PCR结束后，取出孔板进行数据扫描，具体参照《ABI7900 HT Fast RealTime PCR system实验操作规程》。

1.4 群体基因组频率计算

杂合基因型频率（%）=杂合个体数/测定个体数×100%

有害基因频率=杂合基因型频率/2

2 结果

2.1 基因型检测结果

本研究设计的KASP引物能够准确区分SMC2基因的纯合型和杂合型，从而确定遗传缺陷基因的携带者。本研究中对于待检测的SNP位点其检出率为100%，样品SNP检测结果见图1。

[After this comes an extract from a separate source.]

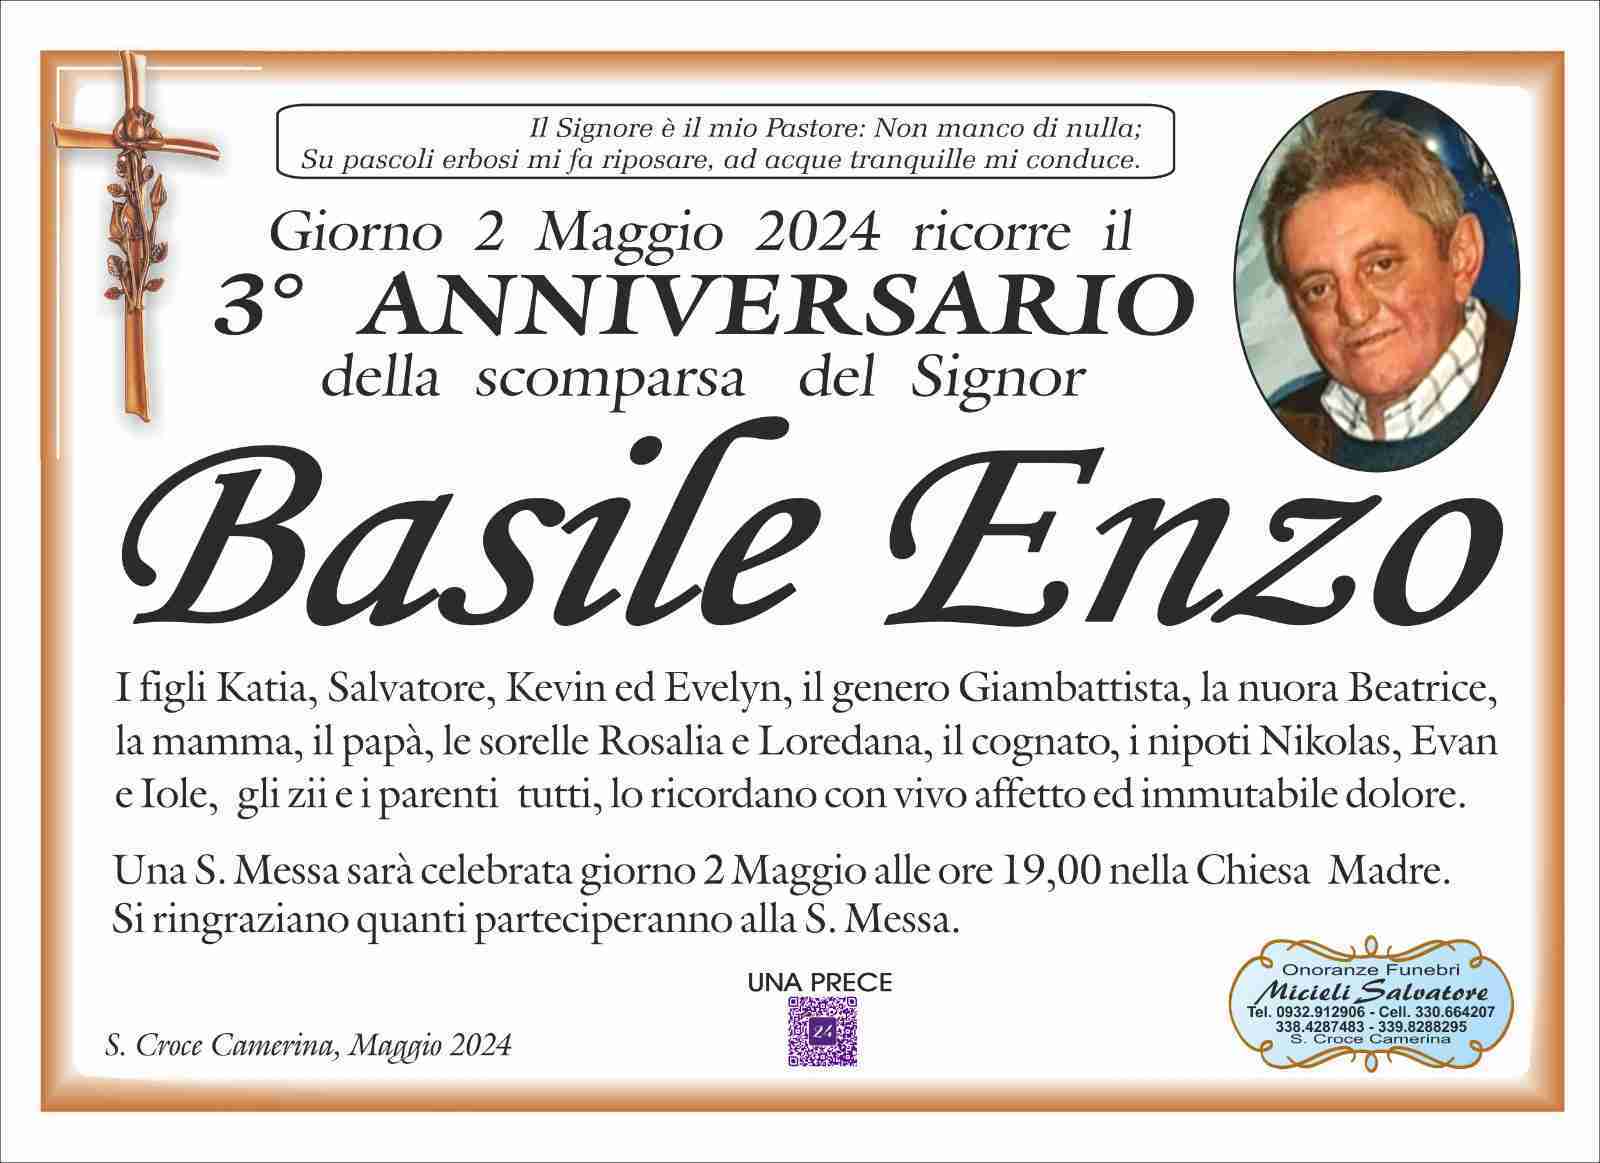 Enzo Basile
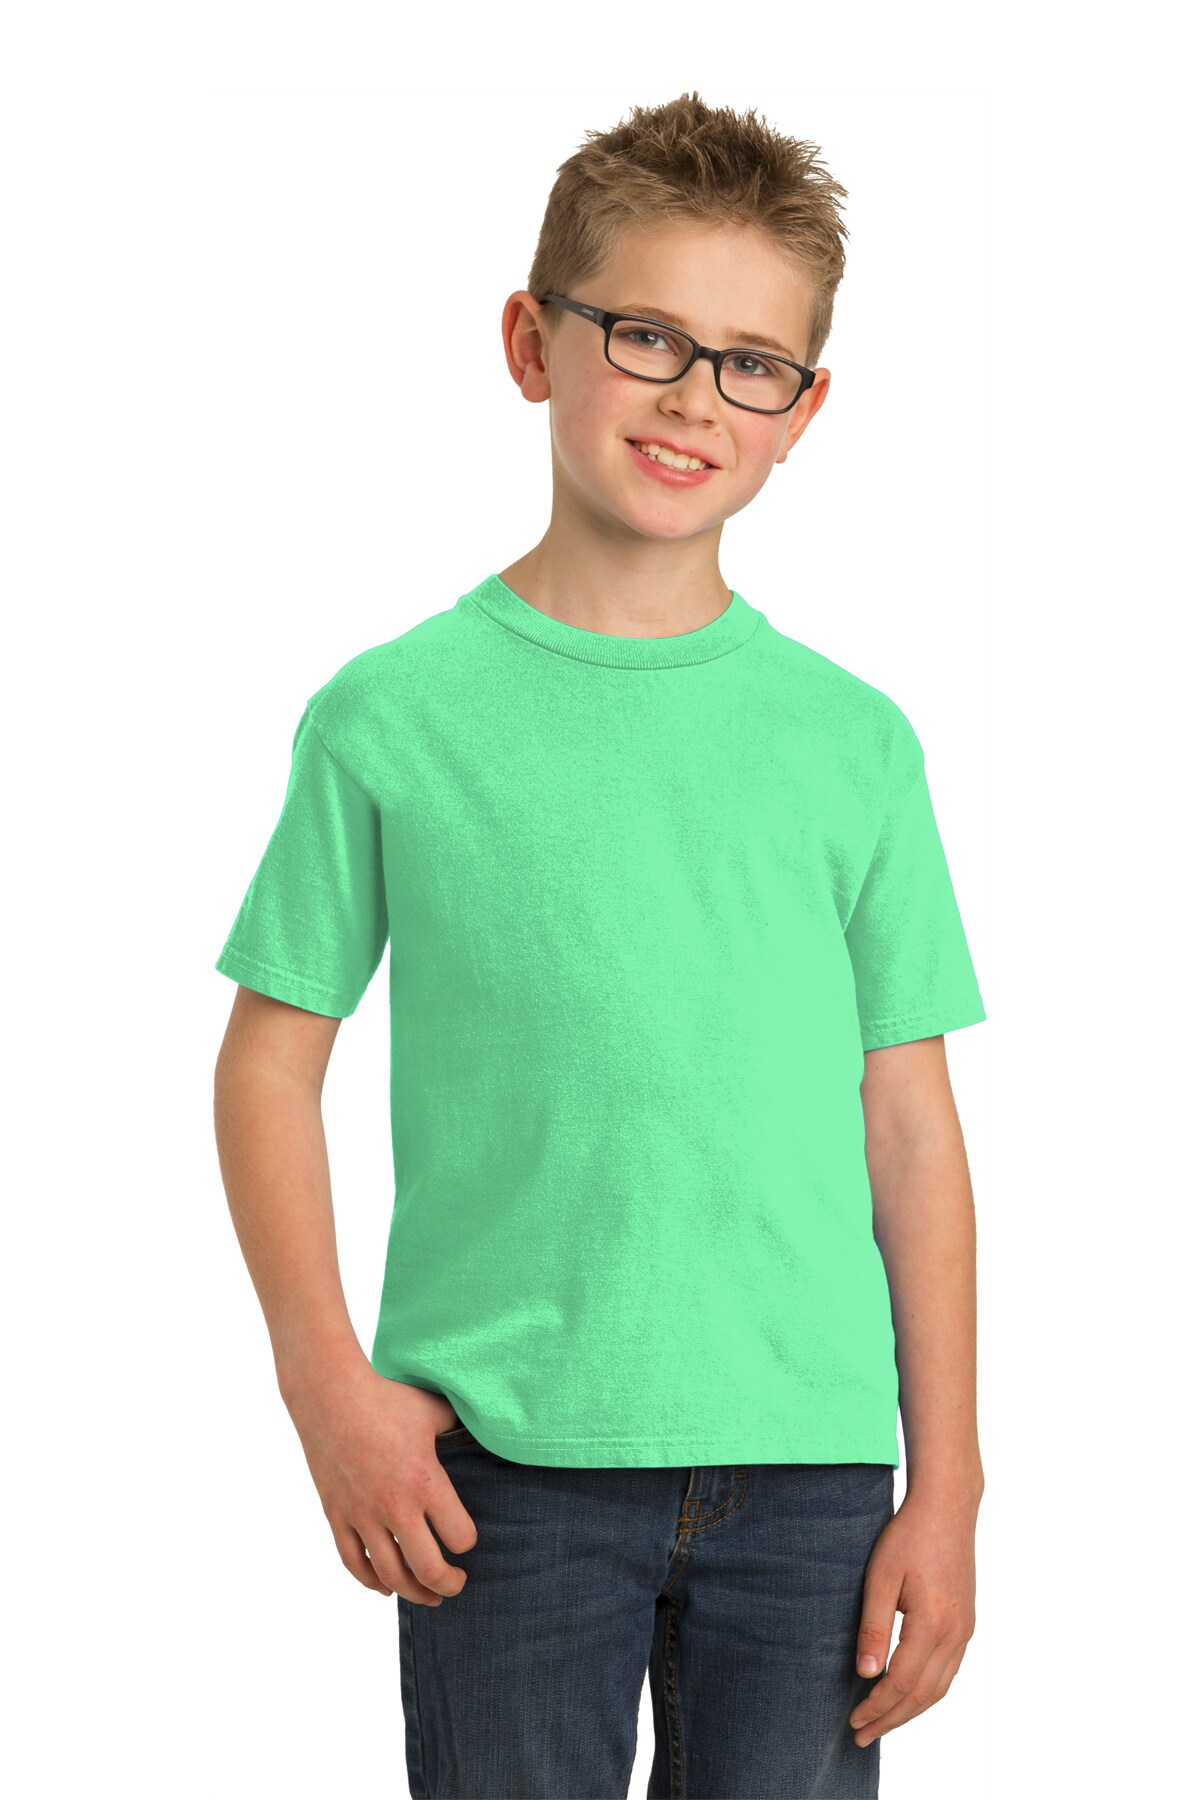 Short Sleeve T-Shirt for Youth | RADYAN®

图中两个坐标分别代表不同颜色的荧光强度，用于区分同一位点不同的SNP基因型，左上端蓝色是单道荧光值比较高的，可以认为是纯合子（即CC型），中间的绿色是两种基因型都存在的杂合子（即CT型），因本研究中TT纯合型是致死的，所以没有检测到TT型（右下端红色区域无显示）。

图1 APAF1基因位点的KASP检测结果

2.2 有害基因频率计算

本研究共随机检测了158头荷斯坦母牛，检测到20头携带HH1的个体，HH1携带率为12.66%，其有害基因频率为6.33%，提示HH1在我国荷斯坦母牛群体中存在一定的比例。

3 讨论

目前检测奶牛遗传缺陷基因的方法主要有PCRPIRA[9,10]、PCR-SSCP[11～13]、PCR-RFLP[14]以及焦磷酸测序[15]，本研究首次建立了影响荷斯坦牛繁殖力遗传缺陷基因HH1的KASP分型检测方法，该方法快速、高效、经济，可以对样本进行高通量的检测。KASP是竞争性等位基因特异性PCR的缩写，可在广泛的基因组DNA样品中，对SNPs和特定位点上的插入和缺失进行精准的双等位基因判断，是基于引物末端碱基的特异匹配来对SNP进行分型。

本研究对HH1在北京地区高产荷斯坦母牛群中的携带情况进行了初步了解，其携带率为12.66%，提示HH1在我国荷斯坦母牛群体中存在一定的比例。因此，奶牛场需要严格系谱登记制度，同时在购买公牛冻精时，需要查看公牛系谱，避免使用携带HH1的公牛冻精配种，从而避免产生遗传缺陷基因HH1纯合个体，减少不必要的损失。此外，牛场应定期对牛群进行随机抽样筛查，国家还应严格监控进口奶牛遗传缺陷基因的携带情况。本研究为我国奶牛育种工作中有计划地降低遗传缺陷基因提供了技术支撑，为奶牛场进行科学的选种选配提供了依据，对降低奶农的经济损失具有重要意义。